The defendants are charged with violating R. C. 959.13, cruelty to animals, for acts and/or omissions allegedly occurring on a Zehring Road property (hereinafter, the farm) on or about November 7, 1979. Both defendants have moved this court to suppress evidence sought to be introduced by the prosecution because it was a product of illegal searches in that there were no search warrants or alternative constitutional justification for the searches.
The facts generally are as follows:
(1) On April 18, 1979, officers of the Humane Society (hereinafter, officers) went to the farm, knocked on the door, *18found no one home and left a “warning notice.” Certain observations of horses and dogs were made from the driveway, house, and while “wandering to the back.”

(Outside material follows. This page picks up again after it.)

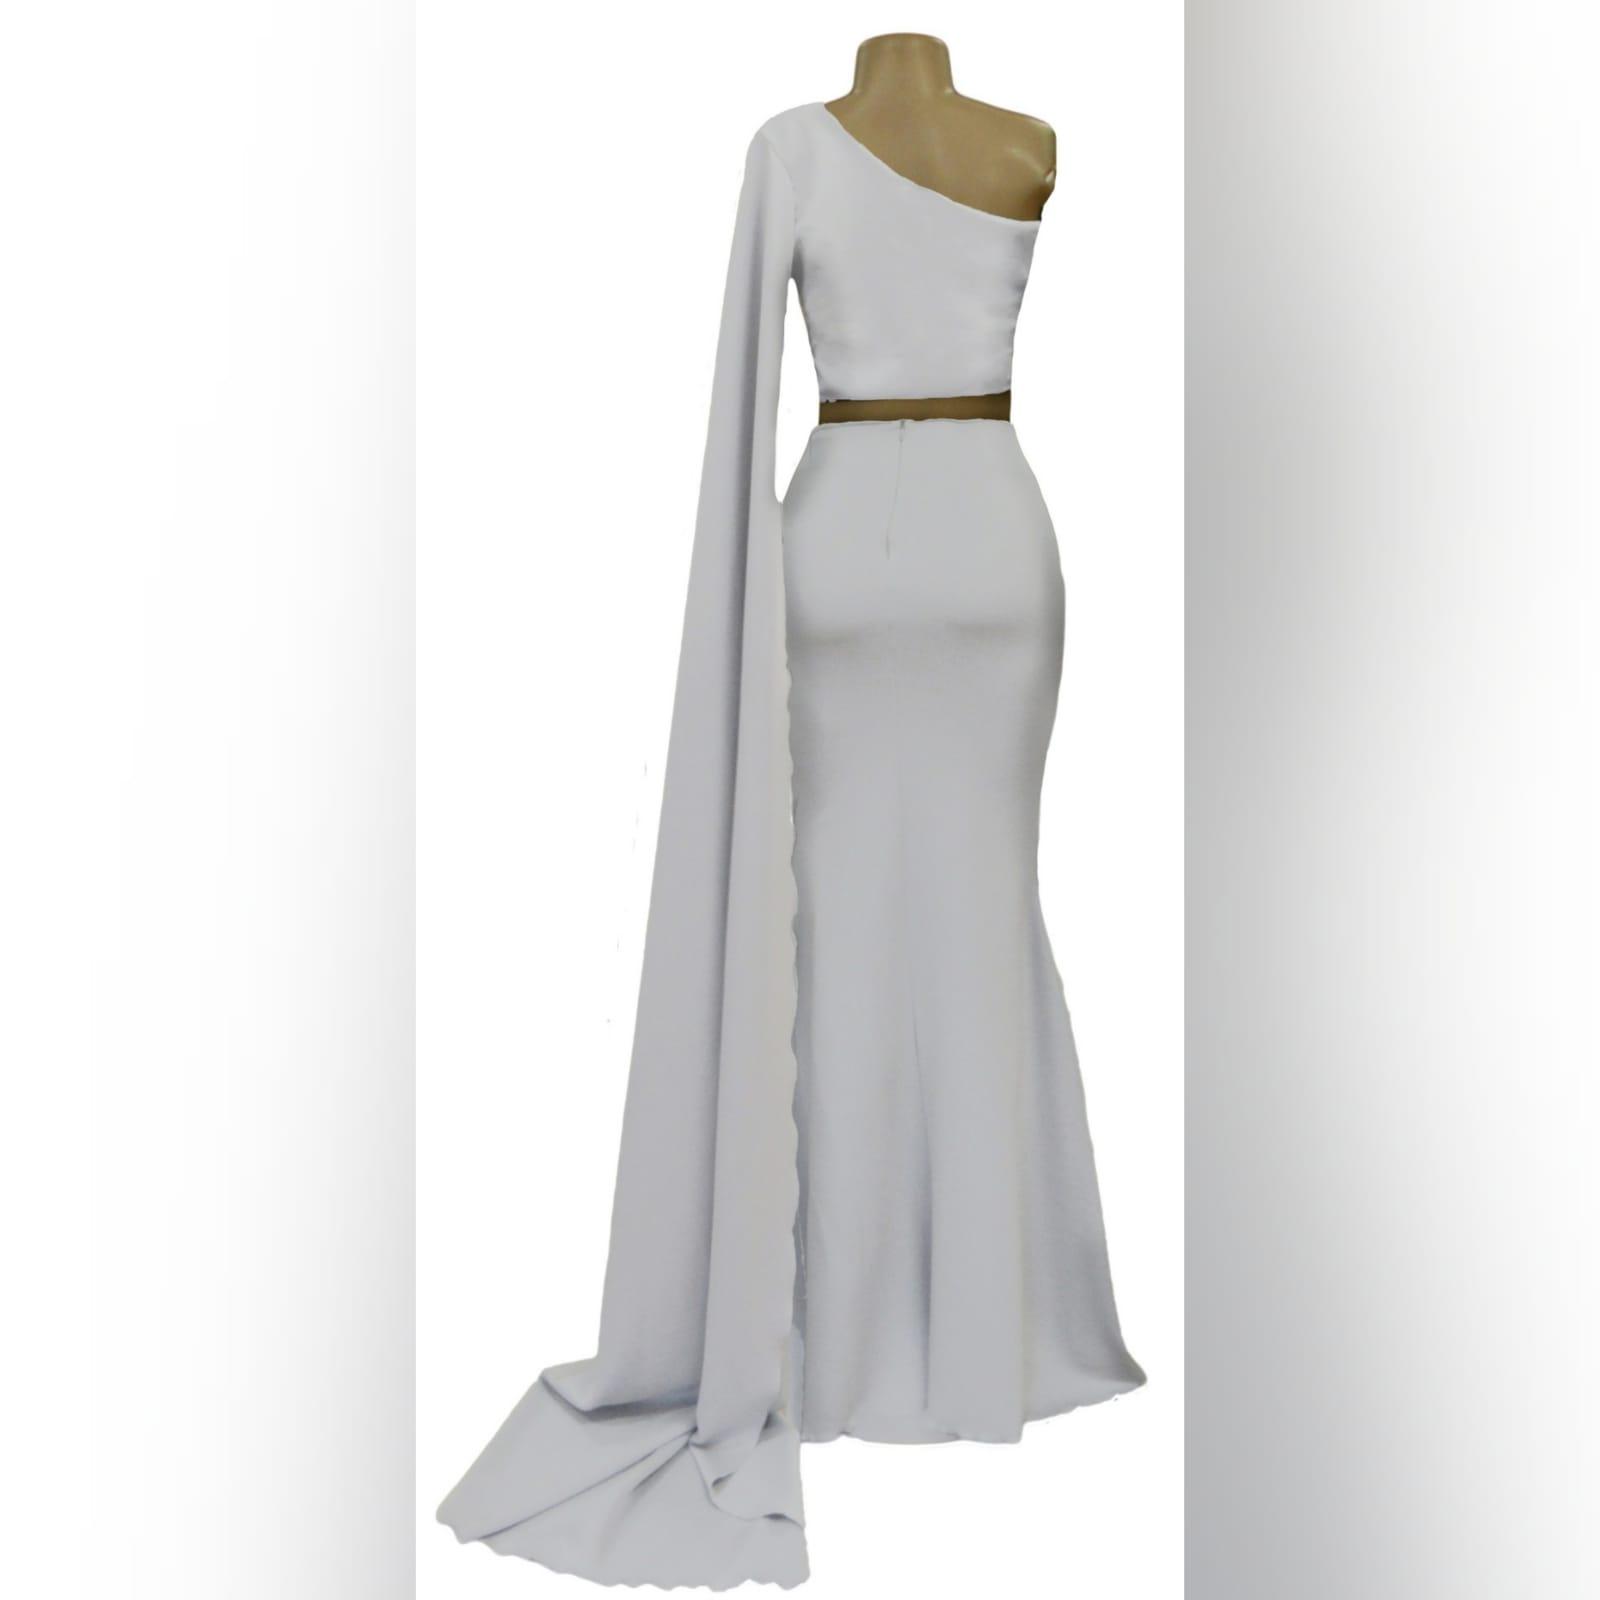 Pale grey 2 piece mermaid prom dress 3 pale grey 2 piece mermaid prom dress. Fitted crop top with wide single sleeve creating a train. Mermaid skirt with a little train.

(2) On June 15, 1979, officers, and others, went to the farm, knocked on the door, found no one home, and left a “warning notice.” Observations were made and photographs taken of horses and dogs by going back in the yard, barns and kennels.
(3) On July 3,1979, officers went to the farm, knocked on the door, found no one home and left a “warning notice.” Observations were made by going to the barns and kennels and water was provided for the horses and dogs.
(4) On July 26, 1979, the officers had scheduled an appointment with defendant Osborn at the farm. Upon their arrival, Mrs. Osborn was not present, but the farm owners, defendant Martin and her husband, were. The officers and the Martins had a conversation of approximately ten minutes after which the officers left, as requested by the Martins.
(5) On August 15, 1979, the officers met defendant Osborn at a scheduled appointment at the farm. There was a conversation in the driveway and defendant Osborn allegedly consented to the officers making other observations of the horses and dogs.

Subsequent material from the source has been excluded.